Results from the PIK3CA wild-type cohort demonstrated significant efficacy, as shown below:
-- The gedatolisib triplet (gedatolisib + fulvestrant + palbociclib) reduced the risk of disease progression or death by 76% compared to fulvestrant alone, with median progression-free survival (PFS) of 9.3 months vs 2 months.
-- The gedatolisib doublet (gedatolisib + fulvestrant) reduced the risk of progression or death by 67%, with median PFS of 7.4 months vs 2 months.
Gedatolisib is a multi-targeted PI3K/AKT/mTOR ("PAM") inhibitor, designed to comprehensively block the PAM pathway by targeting all four Class I PI3K isoforms, mTORC1, and mTORC2.
Unlike single-target inhibitors, gedatolisib minimises adaptive cross-activation, enabling full suppression of the pathway. Preclinical and early clinical data have shown comparable potency in both PIK3CA-mutant and wild-type breast tumor cells.

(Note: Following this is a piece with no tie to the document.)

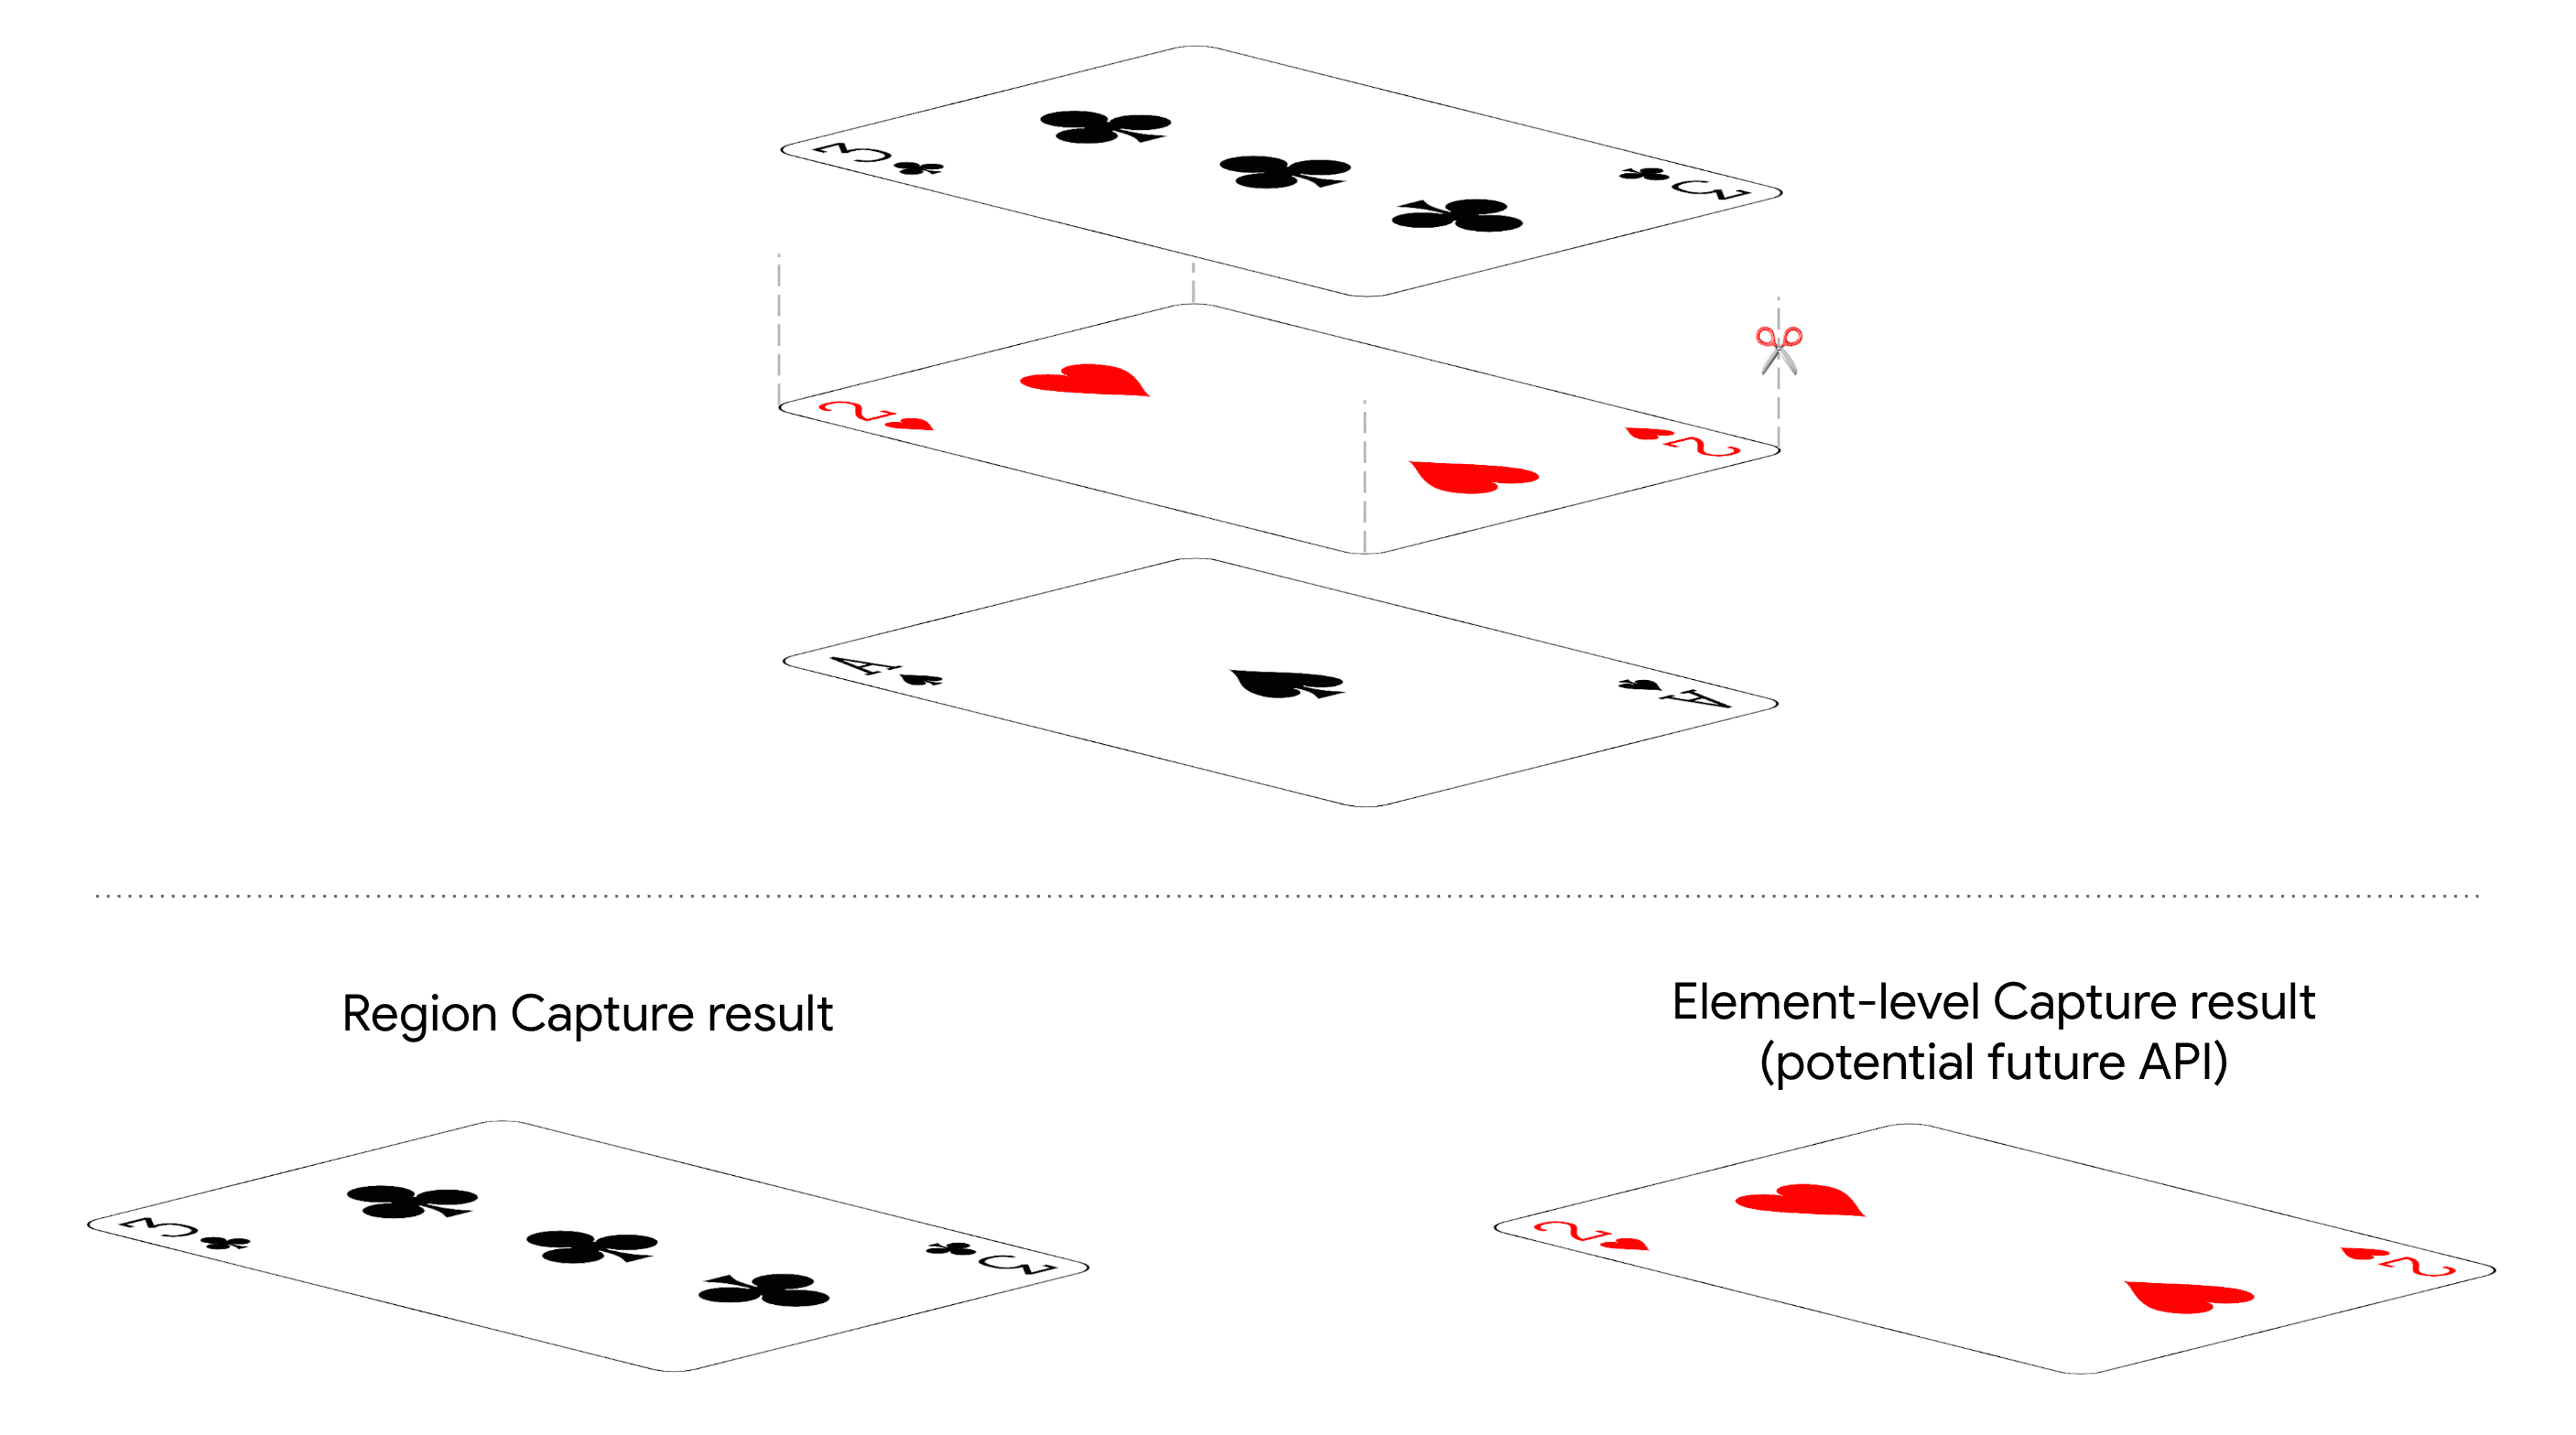 Immagine dei diversi risultati per Region Capture e Element-level Capture.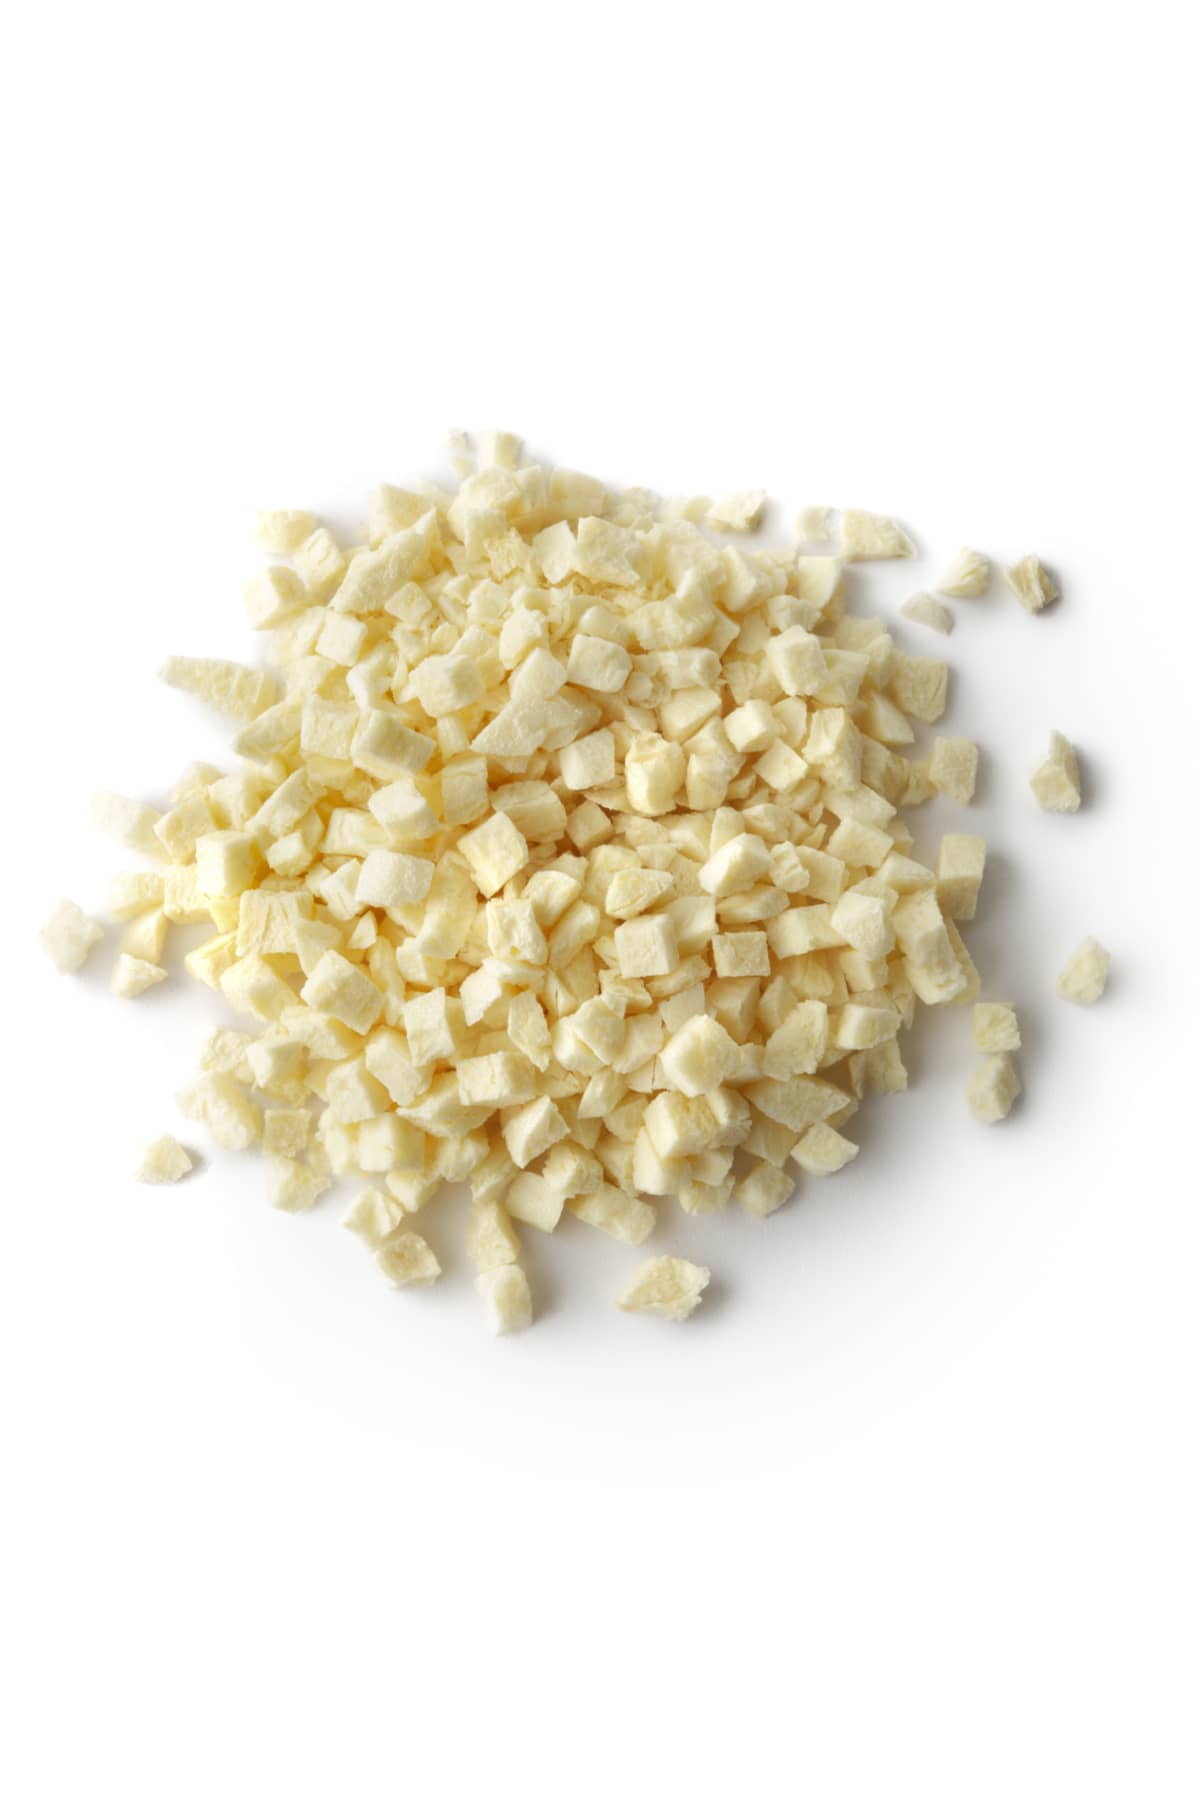 Minced garlic on white

Celcuity's CEO Brian Sullivan called the NDA submission "an important milestone", noting that the efficacy and safety profile of gedatolisib regimens are "potentially practice-changing" for patients with HR+/HER2- advanced breast cancer.
Celcuity has completed enrollment for PIK3CA mutant cohort of the Phase 3 VIKTORIA-1 trial and expects topline data to be available in late Q1 2026 or Q2 2026.
VIKTORIA-2, a Phase 3 clinical trial evaluating gedatolisib plus a CDK4/6 inhibitor and fulvestrant as first-line therapy, is enrolling patients.
CELC-G-201, a Phase 1/2 trial evaluating gedatolisib in combination with darolutamide in patients with metastatic castration-resistant prostate cancer (mCRPC), is ongoing.
CELC has traded in the range of $7.57 to $96.07 over the past year. The stock closed yesterday's trading at $92.23, down 0.49%.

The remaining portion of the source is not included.